DATA EXCERPT:

※ ※ ※

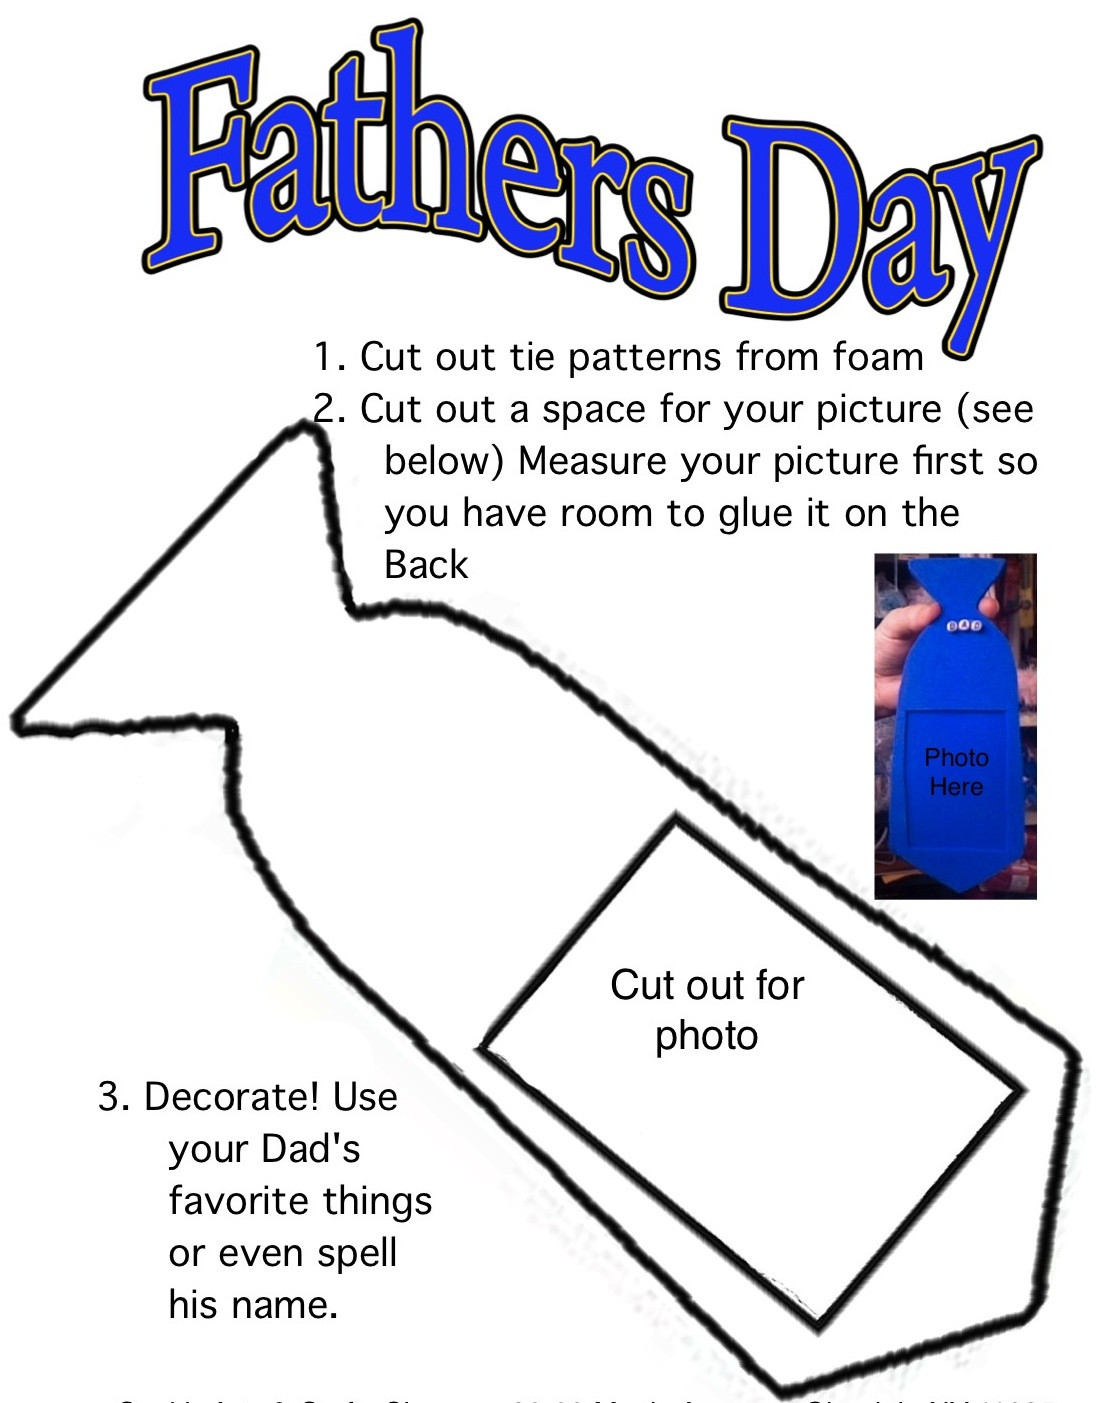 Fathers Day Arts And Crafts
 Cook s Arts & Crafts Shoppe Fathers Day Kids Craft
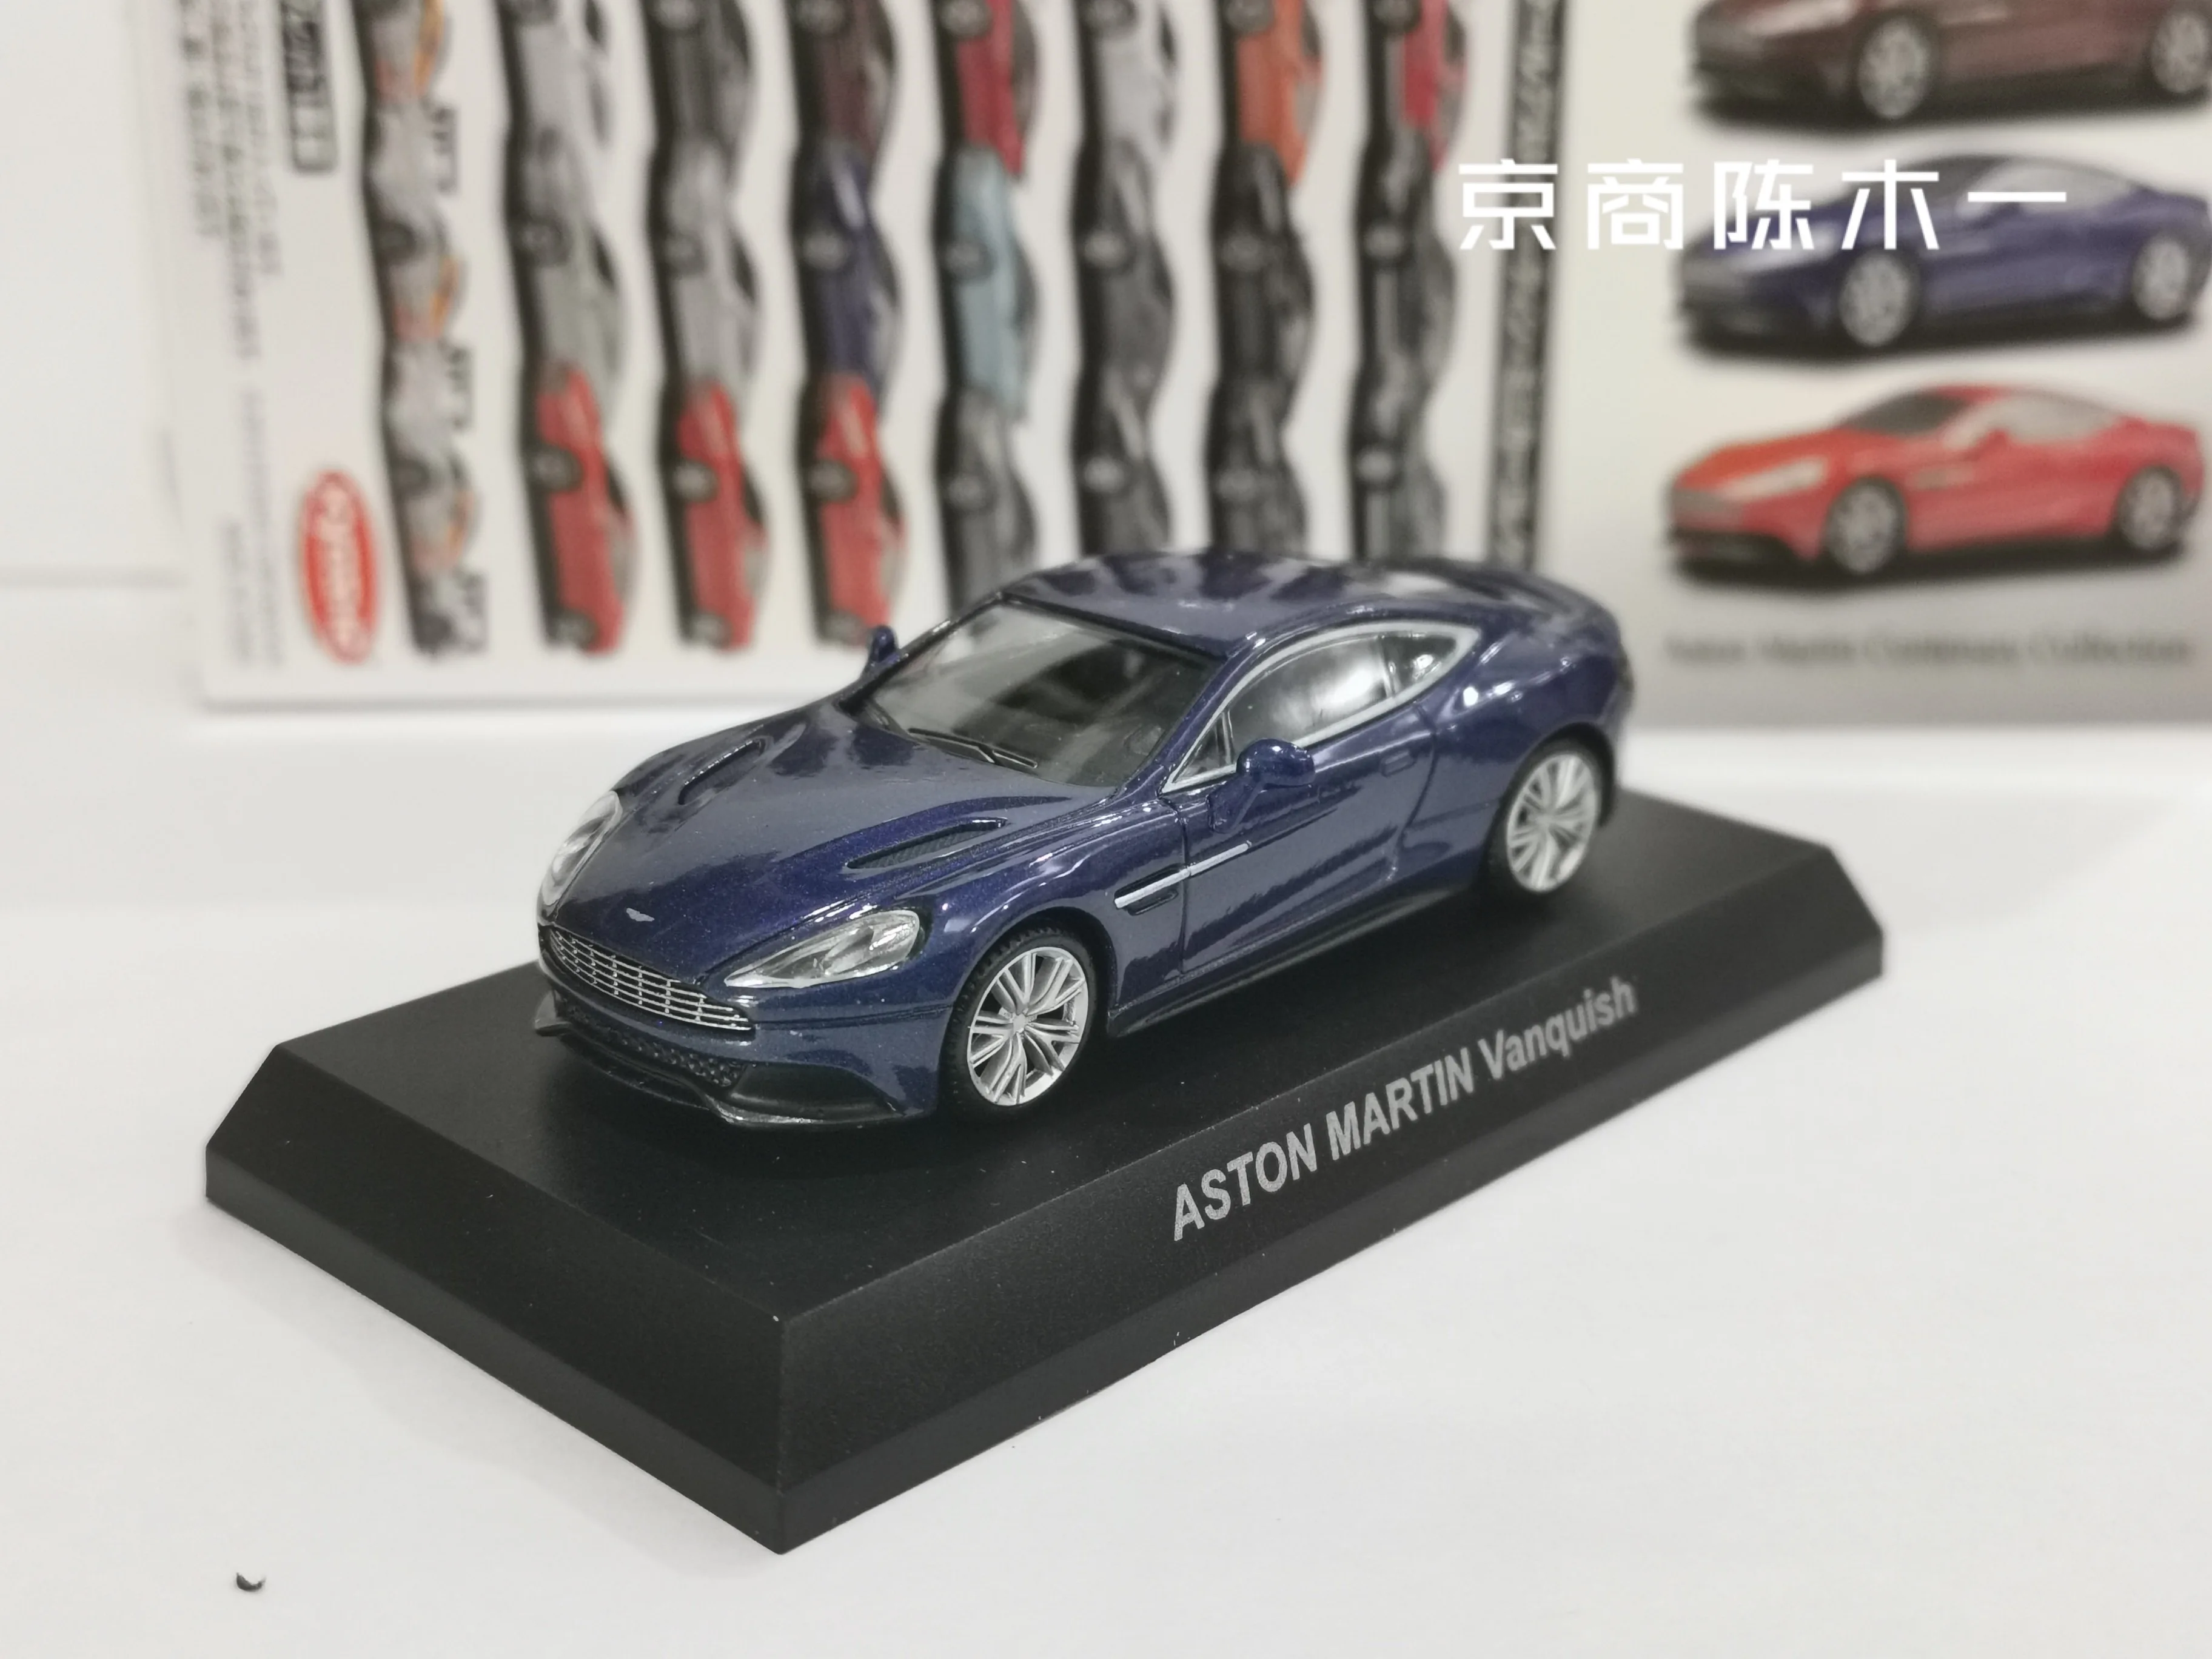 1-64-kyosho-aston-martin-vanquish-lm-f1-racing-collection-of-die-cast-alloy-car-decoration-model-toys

※ ※ ※

TASK TO CARRY OUT: Word for word, restate each line above, minus its pictures.

SOLVED EXERCISE:
 Fathers Day Arts And Crafts
 Cook s Arts & Crafts Shoppe Fathers Day Kids Craft
 1-64-kyosho-aston-martin-vanquish-lm-f1-racing-collection-of-die-cast-alloy-car-decoration-model-toys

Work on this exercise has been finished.